二週間後、教皇ハタルアとの邂逅

 ティール港町にメルカ教団の枢機卿カーディナルが訪れてから二週間後。トカレスカ騎士団は人員を絞り、アニール、イヴイレス、アルトの3名でメルカ教団の聖地トゥメルカに向かう。その船旅はイーズケニア島を経由せず、直接ティール港町から聖地トゥメルカに向かうものだった。聖地トゥメルカはティール港町から見て大洋を挟んだ向こう側の半島の、海に近い山脈にその場を構えている聖地である。といっても、ティール港町も聖地トゥメルカも半島の付け根にあるような地理になっているが。


「聖地トゥメルカとはいっても、大部分は先の戦争で荒廃しているだろうな……」


 ラバルタの操る船の上で、潮風に当たりながらアルトが遠い地平線をぼうっと眺めながら呟く。アルトは船出の前に現在のメルカ教団がどんな組織になっているのかを予想した。彼曰く、かつてのように多くの民や領土を抱えてはおらず、教皇を中心とした数百の集団のみで人のいなくなった聖地に戻ったのだろうということだった。

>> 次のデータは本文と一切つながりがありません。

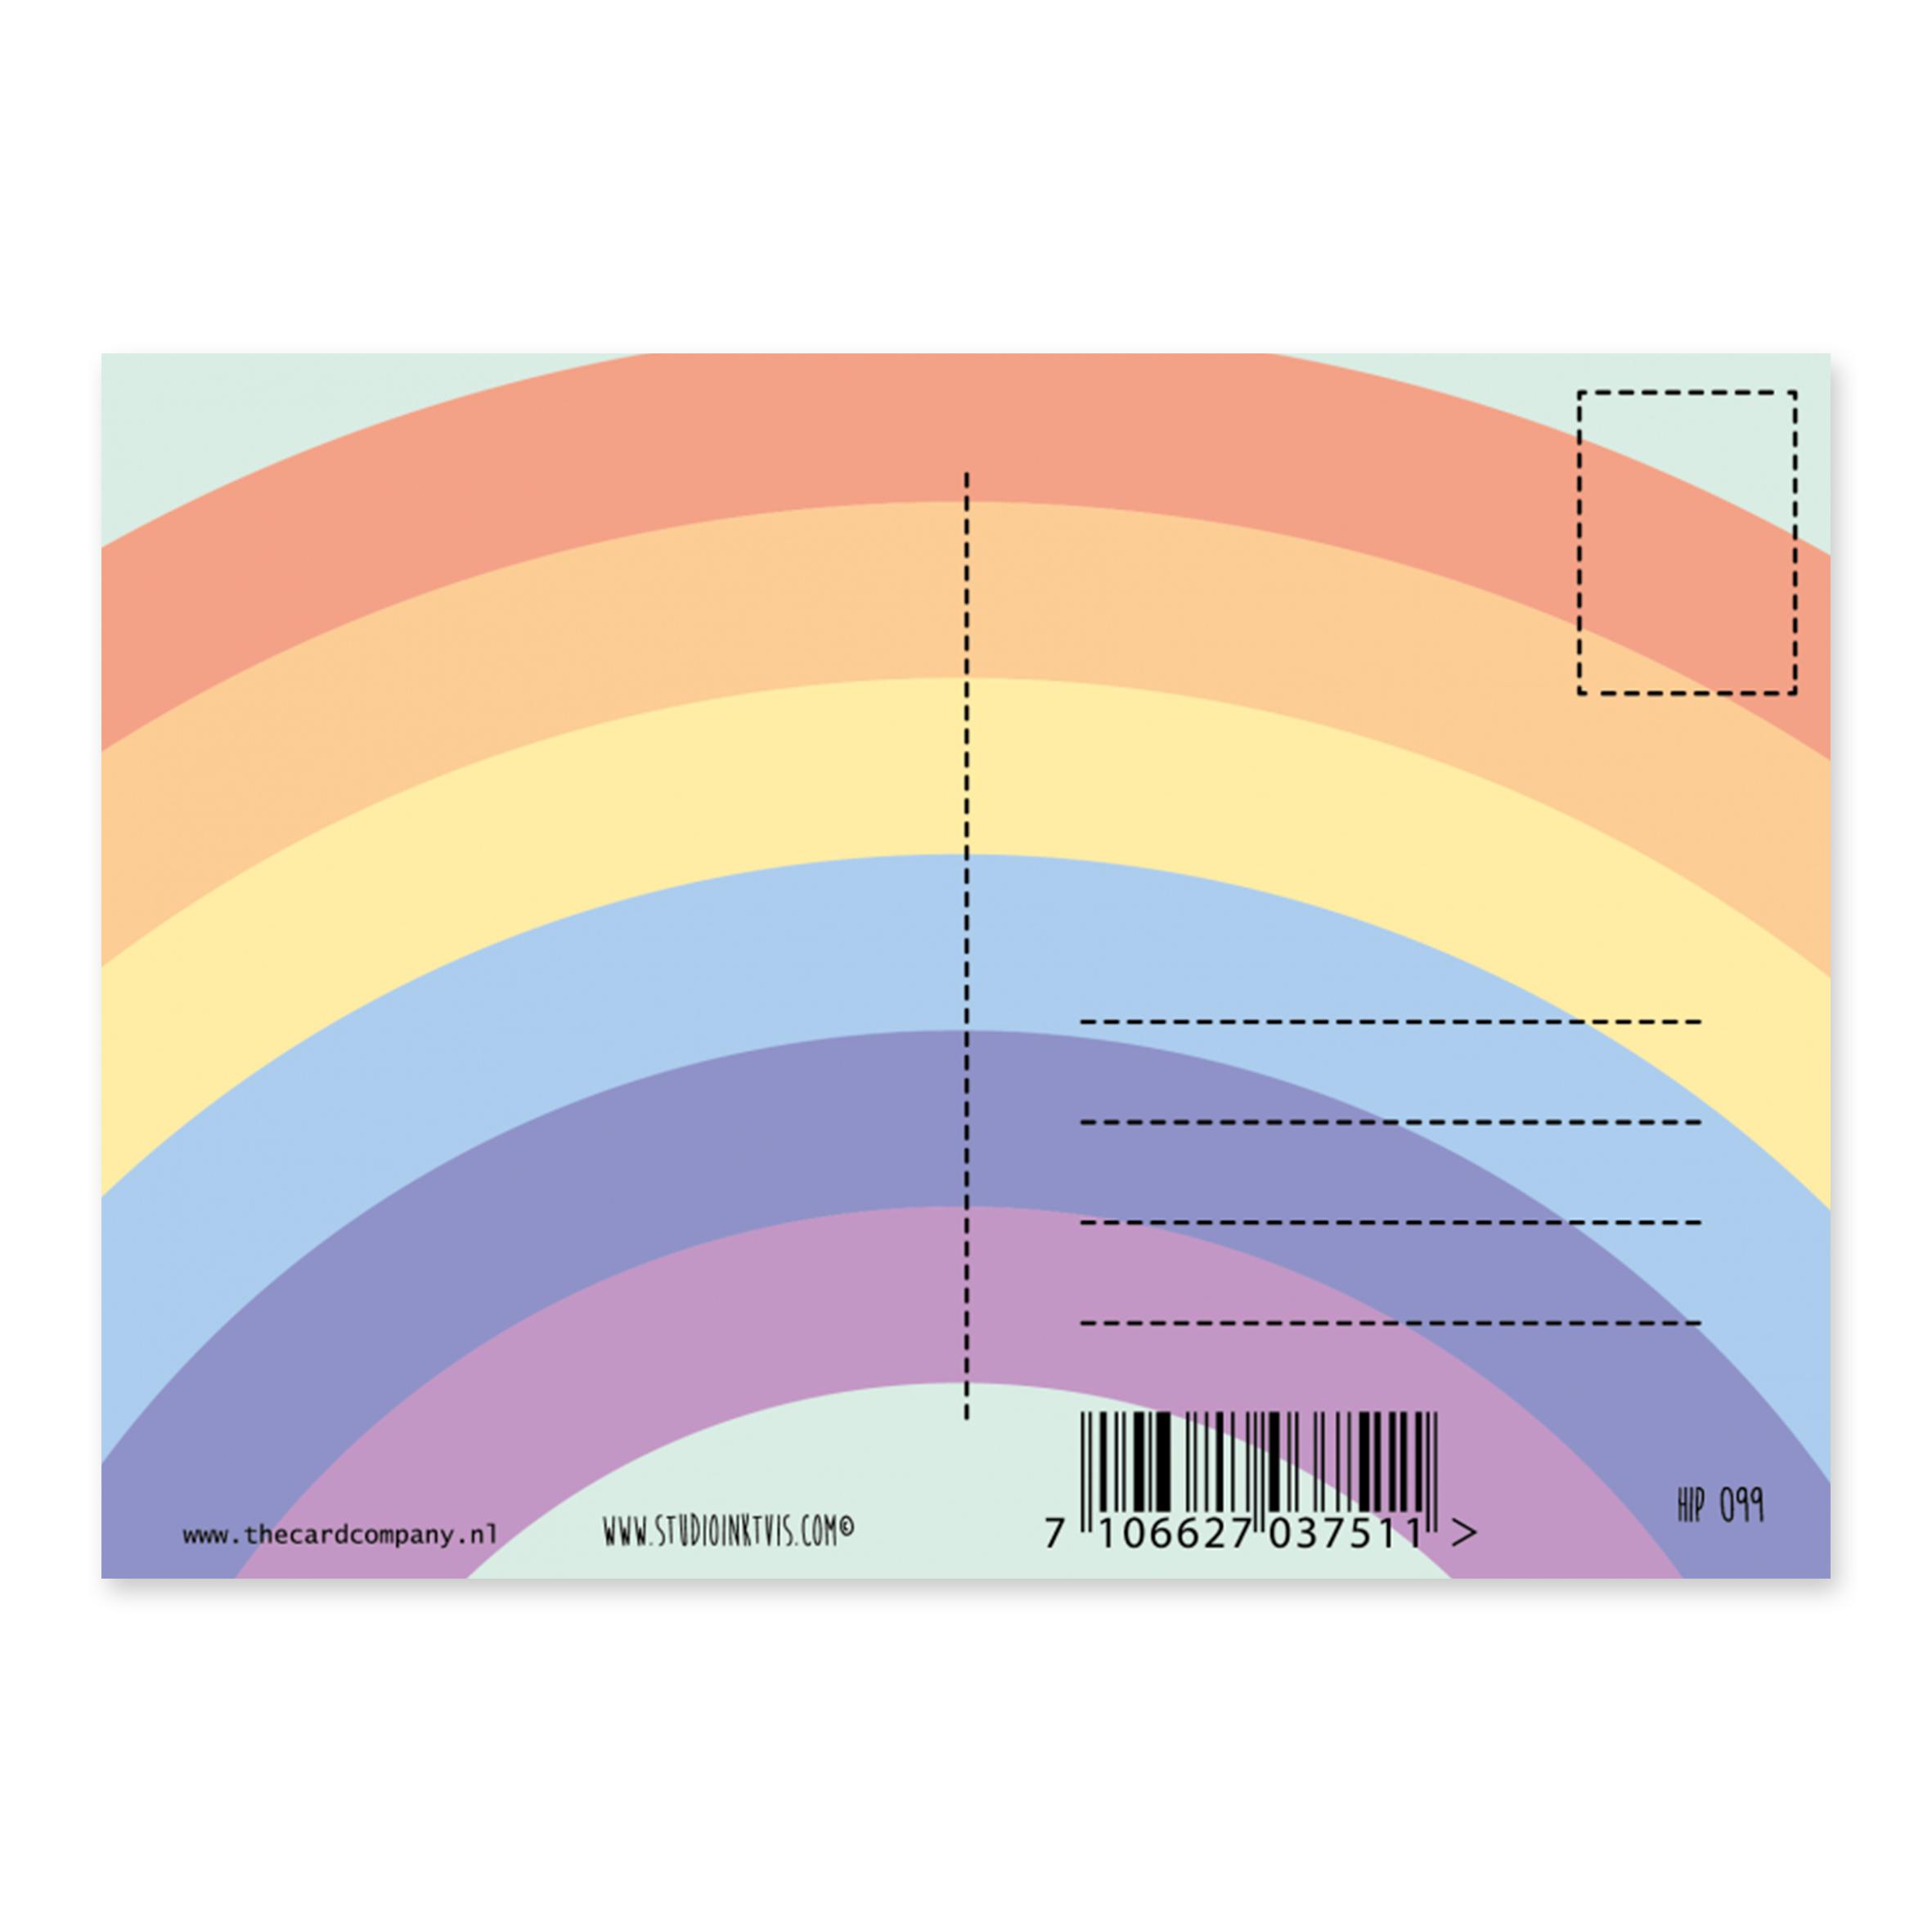 studioinktvis-kaart-followyourrainbow-achterkant

「とはいえ、僕は驚きました。そんなに多くの人たちが集団を維持してしかも元の住処に戻れたというのは、魔獣と野盗で荒廃したこの世においてあまり聞かないことですから」


 顔に影が差しているアルトとは裏腹にイヴイレスは眼を輝かせている。無垢な子供のようにまだ見ぬ世界を知ろうとして心を躍らせているのだ。イヴイレスは師匠オードルから聞いた旅の話の中から聖地トゥメルカとメルカ教のことを思い出し、船出の間中ずっと頭の中で繰り返している。

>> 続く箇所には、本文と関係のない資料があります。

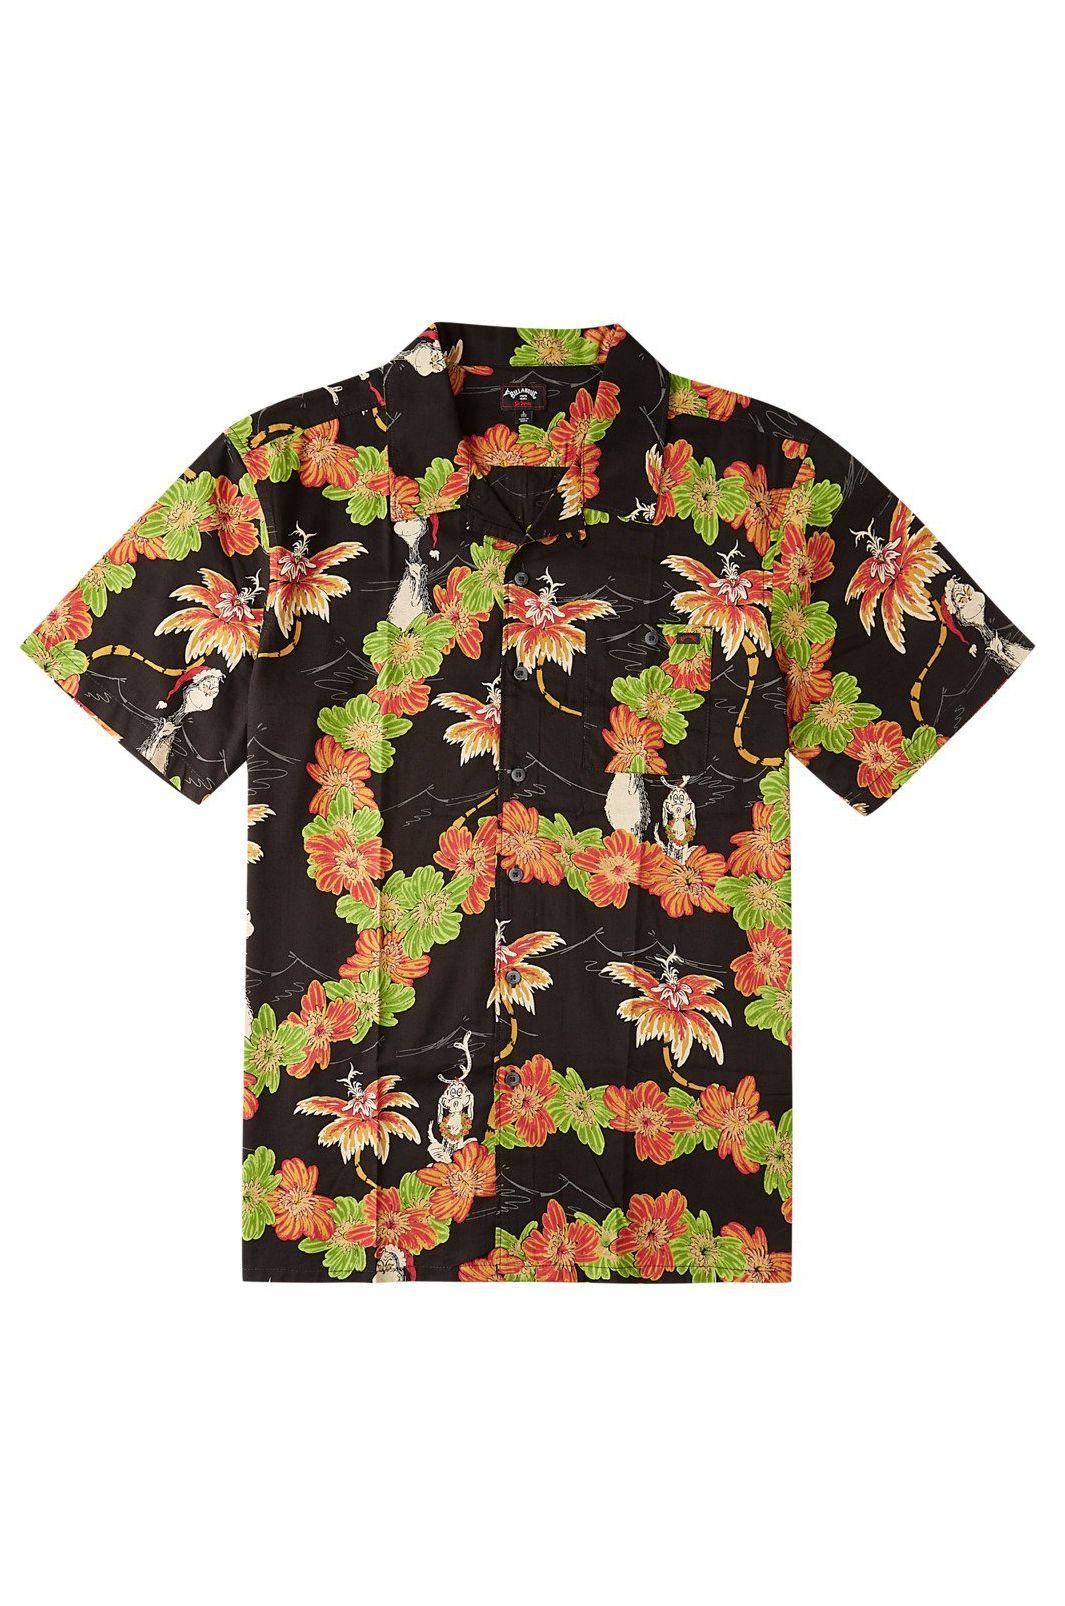 Billabong Shirt SUNDAYS VACAY GRINCH DR SEUSS Black

「……あっ、港が見える。そろそろ着くぞ、二人とも気を引き締めてくれ」


 海の遠くを眺めて、アニールの目がきりりと立つ。アルトとイヴイレスも姿勢を正し、待ち構えているであろうメルカ教団の歓迎に備える。

 船が港に接岸する。真新しく整えられたであろう港の白い浅橋にアニール達が足を下す。微かに汚れの残る法衣を着たメルカ教団が直立している。


「待っていました、アニール・トカレスカ殿。二週間ぶりです」

「こちらこそ。二日間の船旅はなかなか骨が折れたよ」


 アニールとユノアが握手をする。


「真新しい港ですね。貴方がたが築かれたとお見受けするが」

「ええ、そうです。先の大戦で技術者などを保護していた甲斐がありました」


 世間話もそこそこに、其処から馬車に乗り換えて山脈の麓にある聖地トゥメルカに向かう。馬車に揺られる中で、ユノアが今後の段取りについて話し出す。


「貴方がたにはこれから昼食を摂ってもらった後、教皇ハタルア様と面会していただきます。メドゥーエク街の攻略についてはその後で」


 教皇、という言葉にアニール達3人の背筋が真っ直ぐに正される。予想していなかったわけではない。覚悟していなかったわけでもない。それでも、遥か地位高き者との邂逅を改めて聞かされると、どうしても緊張が奔るものだ。


「ーーー時に、アニール様、その半身の火傷について聞いても?」


 蛇のような眼差しがアニールを見定めようとする。恐らく人のトラウマを無遠慮に探って精神的優位を取ろうとしてるのだろう、とアニールは予想して微笑む。


「……いいよ。この火傷、私が産まれたばかりの頃に戦争に巻き込まれてつけられたんだ。私を保護してくれたオードルさんの話だと、実の母は火達磨になりながら私をオードルさんに託して亡くなったと聞いている」


 あまりにも悲劇的な内容に、ユノアが口を開けながら黙る。


「まさか、フギニの予言と関係があると思ってるの?」

「いえいえいえ、我々にとって正しい預言者は聖マルカ様と歴代教皇です。フギニはルダーム・シェルト教でしょう。友好な宗教ではありますが、流石にフギニの預言まで信じてはいませんよ。ただの私の興味心から聞いただけです」


 アニールの批判めいた質問に、ユノアが慌てて否定する。一矢報いてやった、とアニールは心の中で拳を高く挙げた。

 アニール達3人は聖地トゥメルカに着くと、険しい岩肌に隣り合うように建てられた数点の石造りの建物を見上げた。何れも円柱状の建造物で、茶色くあしらわれている。宙をかける渡り通路が格子のように架けられている。ーーーこれらの建物はメルカ教の聖堂だ。


「凄いな。先の大戦からよく建物を維持できたものだな」


 聖堂の中を案内される最中、アルトがぽろりと感想を口にする。聖地の建造物が15年ものの荒廃した時代においても崩壊しなかった事そのものが称賛すべき凄いことである。


「私たちも驚きましたよ。聖地を已む無く放棄して東へ逃げ延び、15年かけて聖地に戻ったら殆どの建物が元通りの姿のまま立っているんですから。これも神のご加護でしょうね」


 アニール達が聖堂を上がり、渡り廊下を歩くと数多の聖職者と行き交う。その賑やかさにアニールは嘆息する。アルトが恐らく二百は下らない人員がこの聖地にいるのだろうと見当をつける。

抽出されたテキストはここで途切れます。